I was also told that since Mildthing was a brief phenomena appreciated by a very small select group of people on the internet decades ago it’s probably a good idea to give people a heads up this isn’t a Adventure, or a bad pulp hero novel, it’s not a horror like a Stephen King or a Dean Koontz, it’s not a mystery, and it’s not comedy. It’s what it needs to be – in order for the story to work, and that’s about all I can tell you.
It’s a “fasten your seat belts, please place your disbelief in an upright position and turn off all reality based devices” story. It’s a take what you need from the story to make it work, and try to enjoy yourself story and those don’t work well for everyone.
If it has even a distant cousin, it’s probably David Wong’s books… but even those are very distant distant cousins. In fact, they’re not really cousins. They could probably mate legally in a lot of states, but I doubt they’d hit it off at the bar. David’s works would really need to be drunk, and even though I have no doubt Mildthing wouldn’t care and would at least fake like they cared… David’s works are probably looking for something more meaningful and long term than Mildthing. It just wouldn’t work between us. It’s not us, it’s them. (But seriously… For a good time…check out David Wong’s John Dies at the End or This book is Full of Spiders.)
The truth is, I point this out because from time to time, people get a hold of one of the old copies of a Mildthing story that was published waaaaaaay back in the very early days of the internet and I get an email on my MikeNovember email account (yes it still exists) telling me I ripped off David Wong. Who, btw, doesn’t actually exist – and if he doesn’t exist then I can’t rip him off now can I?? But, for the record, Mildthing predates “John Dies at the End” by a good five years. 1995 for the original concept, with his next published appearance in 1996. So technically the nice man who’s books I like who doesn’t exist, ripped me off… if he’d ever heard of me, which I’m 99.9999% sure he didn’t – so I doubt very much anyone ripped off anyone. But the point is, when someone makes that comment to me – I’m actually flattered. David Wong’s style is fun and it’s always nice to see someone else who’s willing to take risks and have fun with a genre.

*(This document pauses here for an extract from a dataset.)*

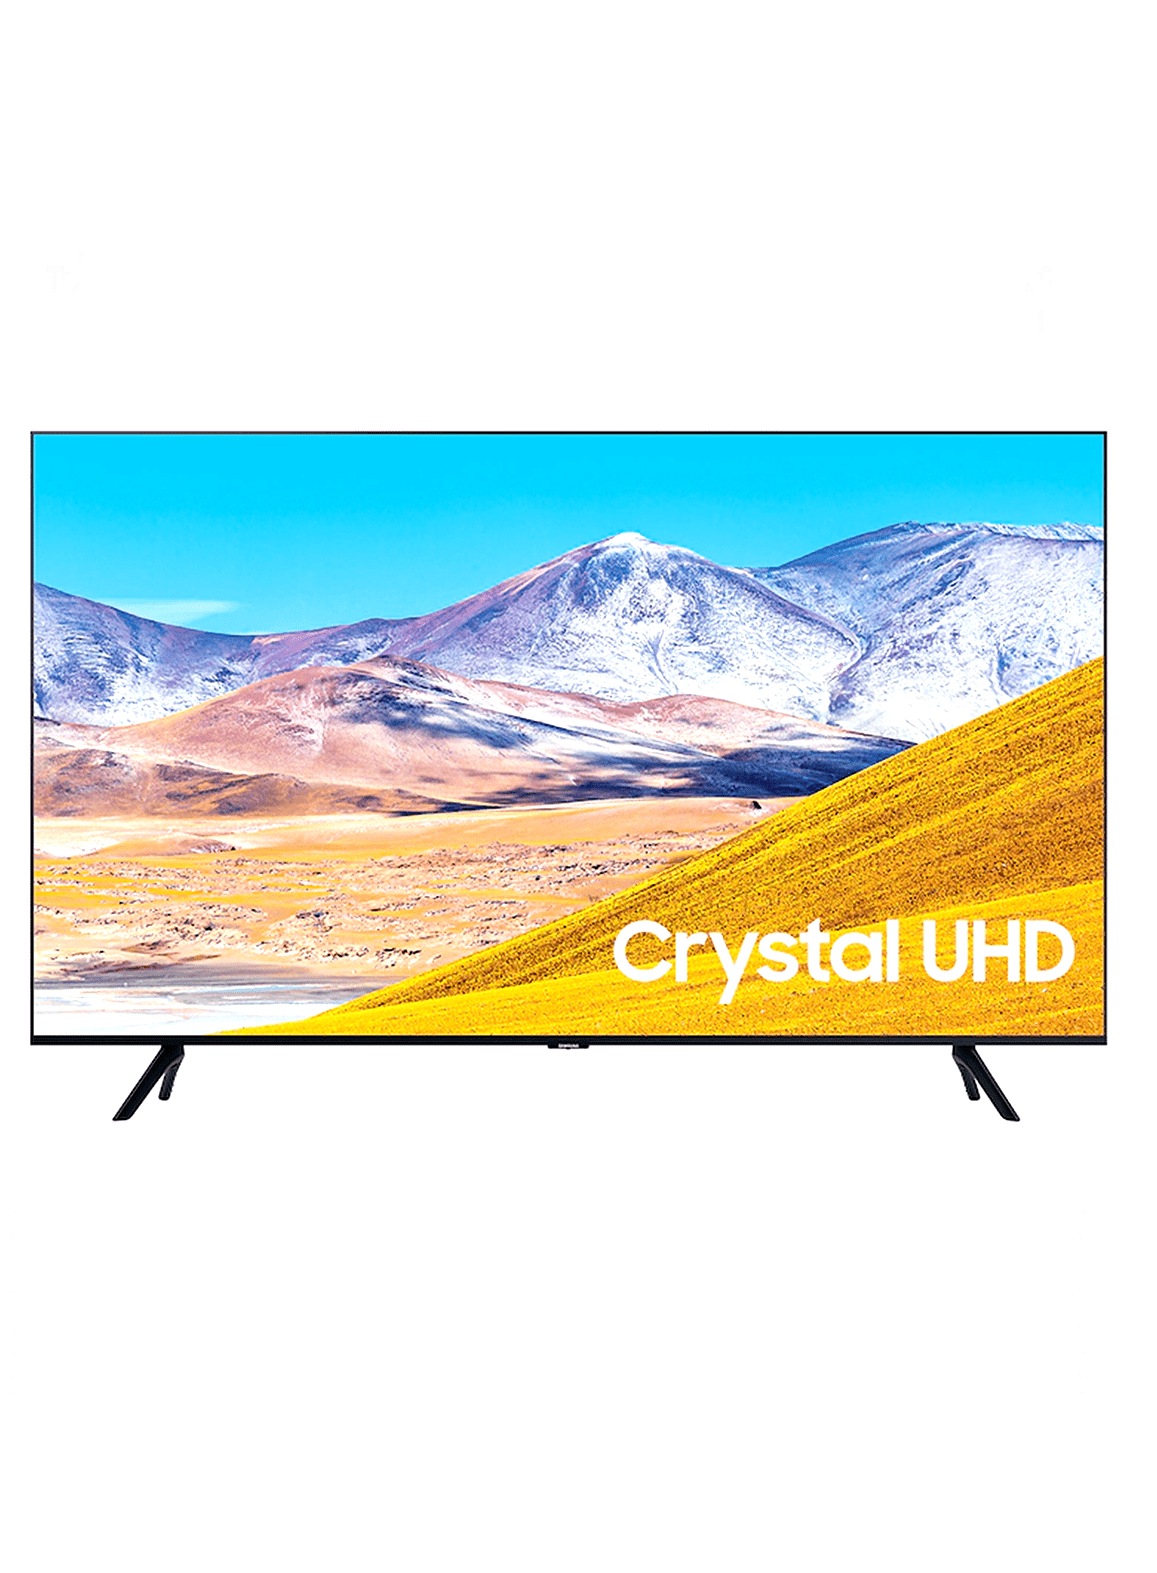 Samsung 55 TU8000 4K Smart Crystal UHD TV شاشة

The concept of making fun of apocalyptic horror predates both of us several centuries. That, if anything is the genre these stories fall into be they Wong’s or my or anyone elses work like this. It’s that somewhat normal people always trapped looking into the endless maw of whichever apocalypse is upon us this week … and dealing with it the best they can. “Sean of the Dead”, “Attack the Block” also fall into this kind of story.

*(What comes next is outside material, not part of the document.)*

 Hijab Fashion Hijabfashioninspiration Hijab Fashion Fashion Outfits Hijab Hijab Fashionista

If you read one of these, it’s a bit of this, and a bit of that. It’s all mongrel, very little dog. I was told not to mention any of that to people because it would just scare them off and they’d stop reading here, and probably go buy a David Wong book, or just go watch Sean of the Dead or Attack the Block instead.
Still reading? How was the movie?? AWESOME!!! I frankly hate marketers and feel the average person who reads is willing to put in a bit more effort than what marketing people say. (They also say most of the people who read stuff do so at a 6th grade education level. And that they’re very susceptible to suggestions and subliminal and easily dominated repeated suggestions. Really. They do. See why I hate them?) [Now go… Kill my minions!!! Damn… I pushed too soon didn’t I? I need to wait for you be under suggestion deeper don’t I??)]
So anyway, I’m glad to see you’re still with me at least for a bit longer before you go check out David Wong’s books or go watch a movie. I was also told I should at no point give people the idea that I didn’t care if you enjoy my stories or not. It gives people the wrong message. So, naturally I suppose I should say, I don’t care if you like the stories or not. But that’s not true, I do care. Anyone who spends five minutes of their time reading something should get their five minutes of effort back and not feel like they wasted their time. There needs to be a level of craftsmanship to the work, or you’re stealing time from someone and that’s inexcusable.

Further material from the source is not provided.